Takaful Malaysia eyes bigger revenue contributions

KUALA LUMPUR: Syarikat Takaful Malaysia Bhd expects revenue contributions from its Indonesian operations to easily increase to 20% once the ruling on sales of takaful products by stand-alone takaful companies comes into force in 2015.
Group managing director, Hassan Kamil, said currently the Indonesian operations contributed about 10%.
“Our takaful company in Indonesia is a stand-alone company. So by then we hope the competition will be more equal and fair.
“Currently, the playing field is not level. A lot of conventional companies operate as a window, so they have a significant advantage compared with us as they use the conventional arm to support the takaful window, without the need of a separate capital,” he told a media briefing after the group’s annual general meeting today.
On the group’s plan to acquire a property in London, Hassan said, the plan was put on hold as the Islamic Financial Services Act (IFSA) would be in place this June.

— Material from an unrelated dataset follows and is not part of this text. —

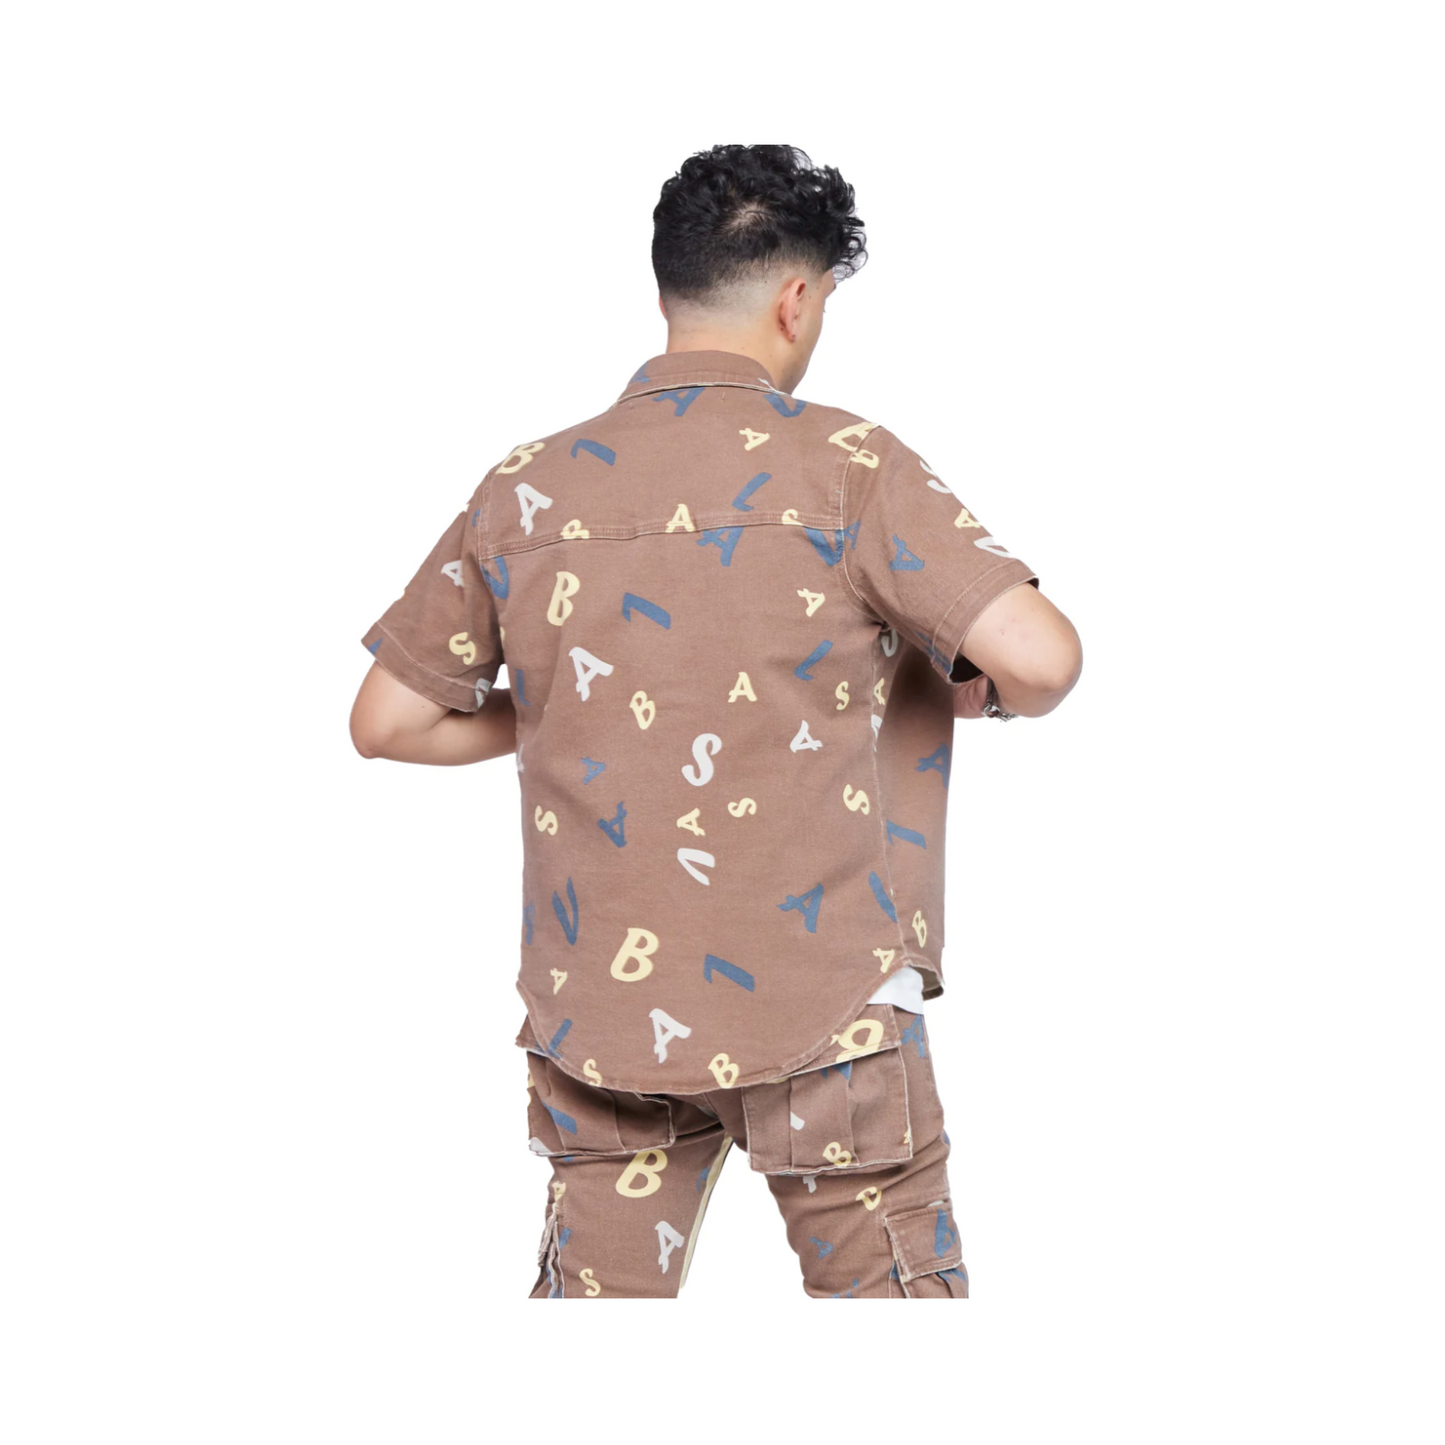 VALABASAS "WOVEN -PUZZLE" BUTTON UP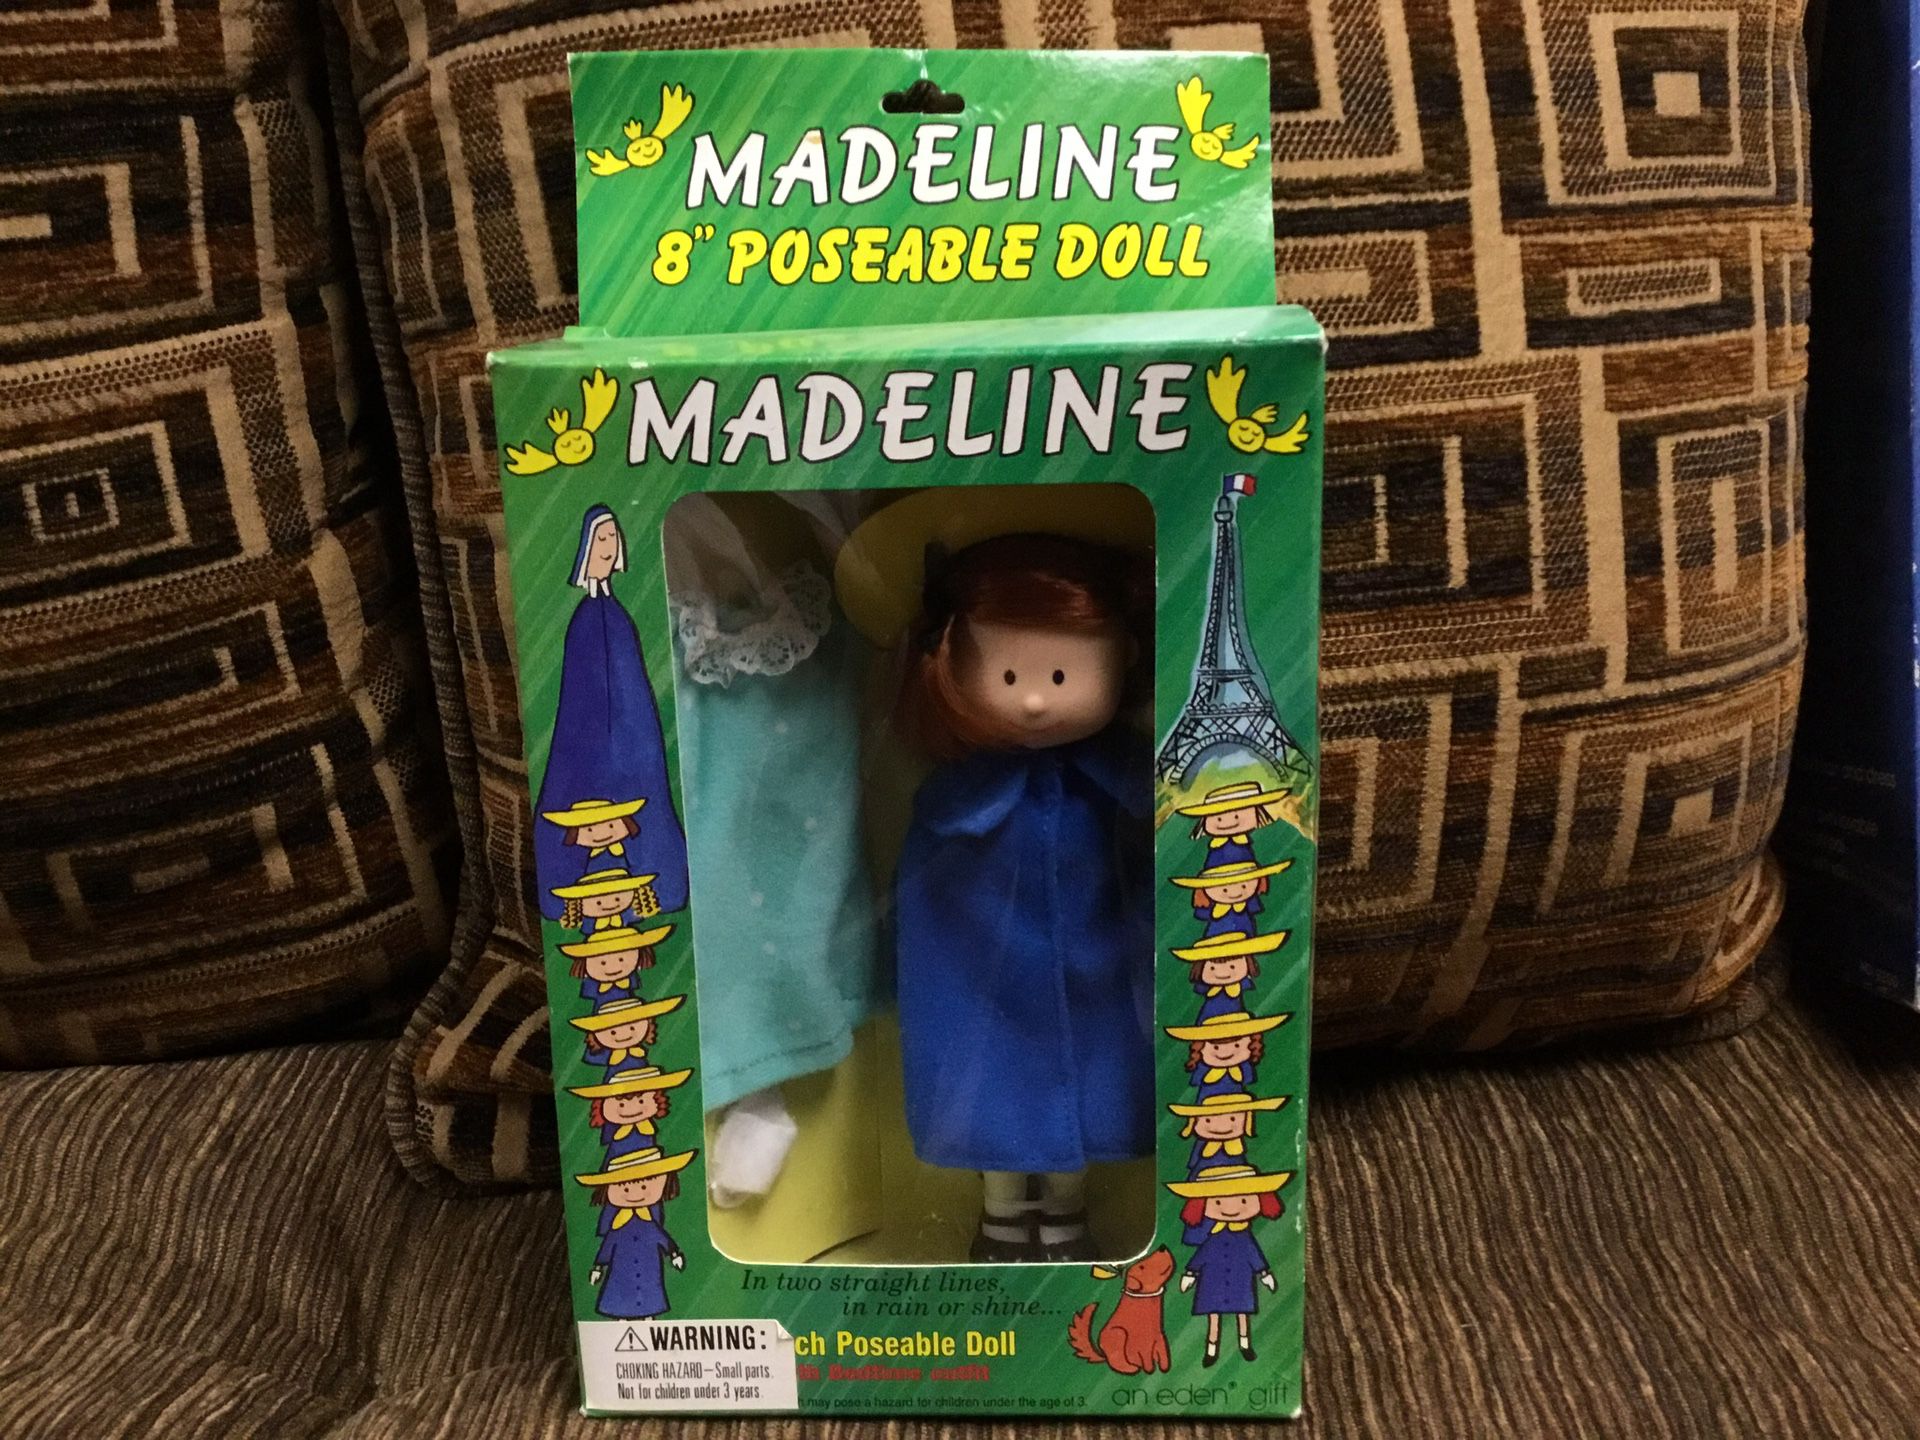 Collectible “Madeline” doll

“The IFSA will allow us to have a structure where there is a financial holding company, so we will wait for specific guidelines from Bank Negara Malaysia before we proceed with our next steps in acquiring the property in London.

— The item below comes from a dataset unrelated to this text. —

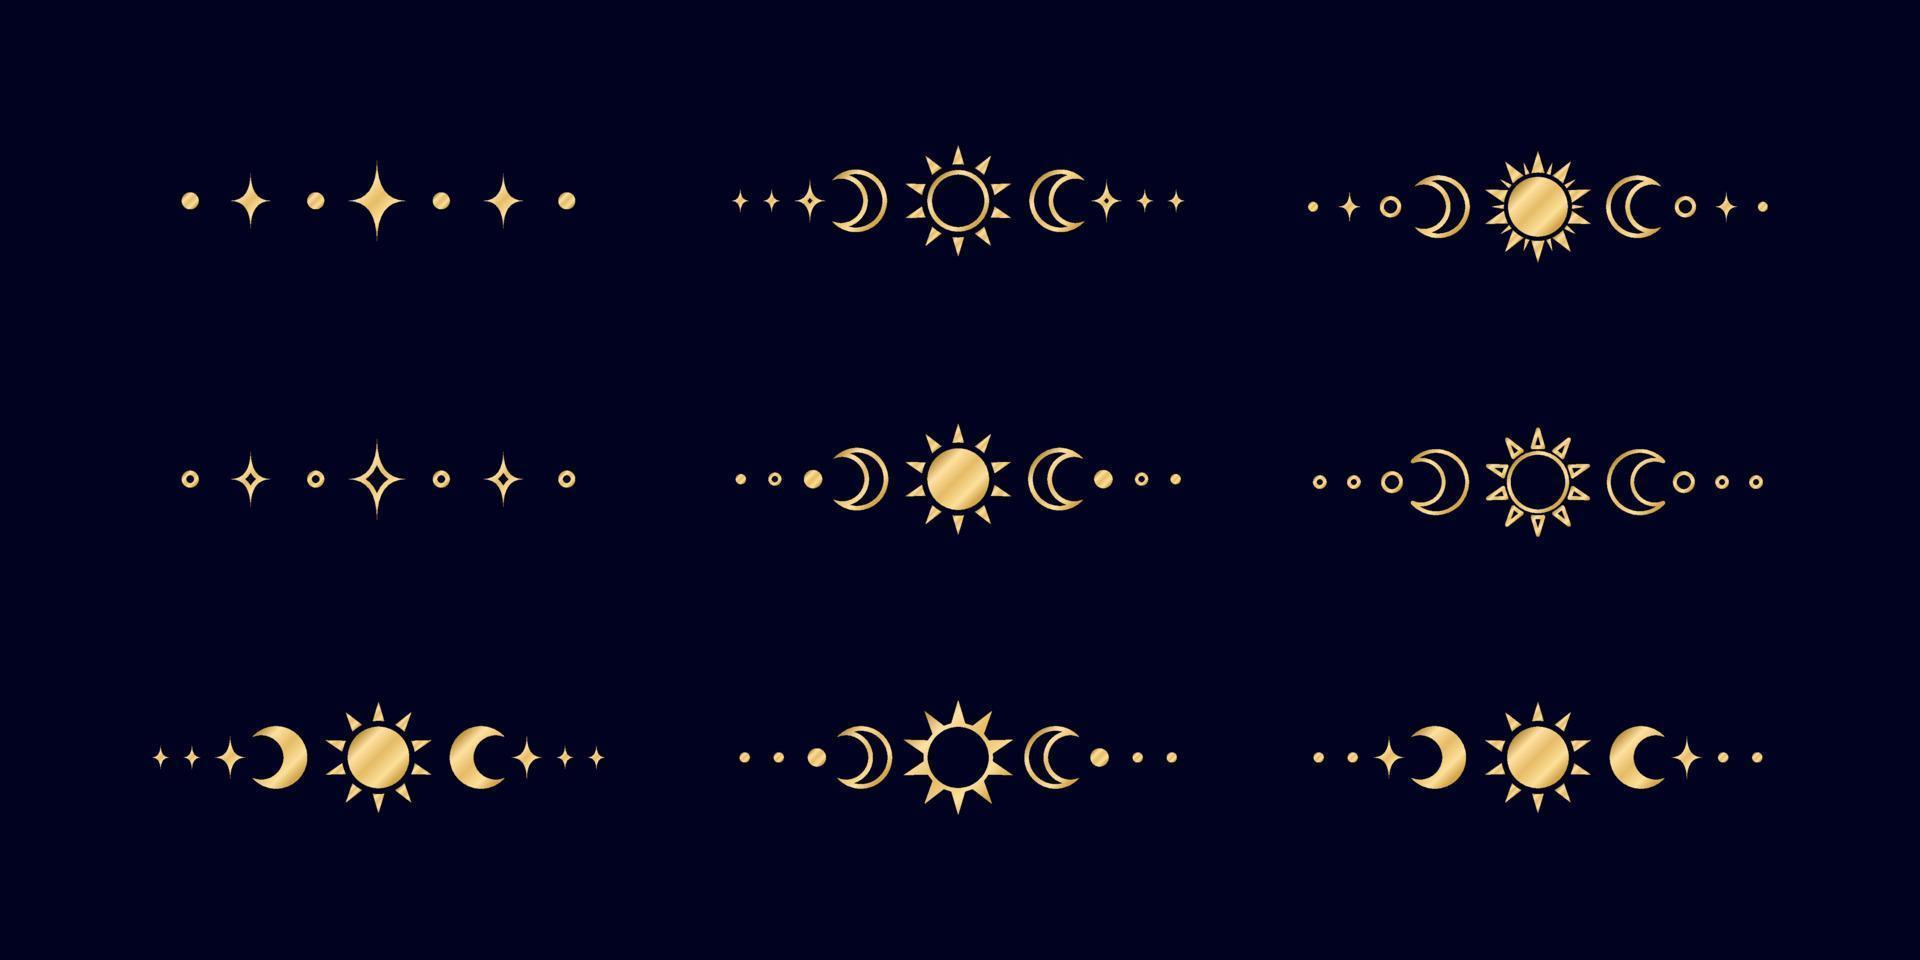 Gold celestial text divider with sun, stars, moon phases, crescents. Ornate boho mystic separator decorative element vector

“With the existence of the financial holding company, this will probably allow us to benefit more from the tax structure if we were to establish the financial holding company in Labuan,” he said, adding that the group expected to restart negotiation on the acquisition in London next year.
The new Act would require conventional and takaful insurers to relinquish their composite licences and conduct their life and general insurance businesses under separate units.
On other possible overseas venture, he said, Takaful Malaysia has looked at the China and Middle East markets, which had large Muslim population.
However, he said, China lacked Syariah-compliant instruments for the group to invest its premiums while Middle East was unstable in terms of security.
Moving forward, Hassan said, the industry’s prospects remained positive and it was anticipated to grow between 20% and 25% this year.
“We hope to ride on that momentum and to grow at least at that percentage to ensure that our market share is sustained,” he said.
Takaful Malaysia, which will present its internal target capital level to BNM by September, is set to have a dividend policy next year.
Hassan said even without a dividend policy, the group has been distributing a good amount of returns to shareholders.
Last year, a total of RM57 million was paid out against net profit of RM100.1 million, he said.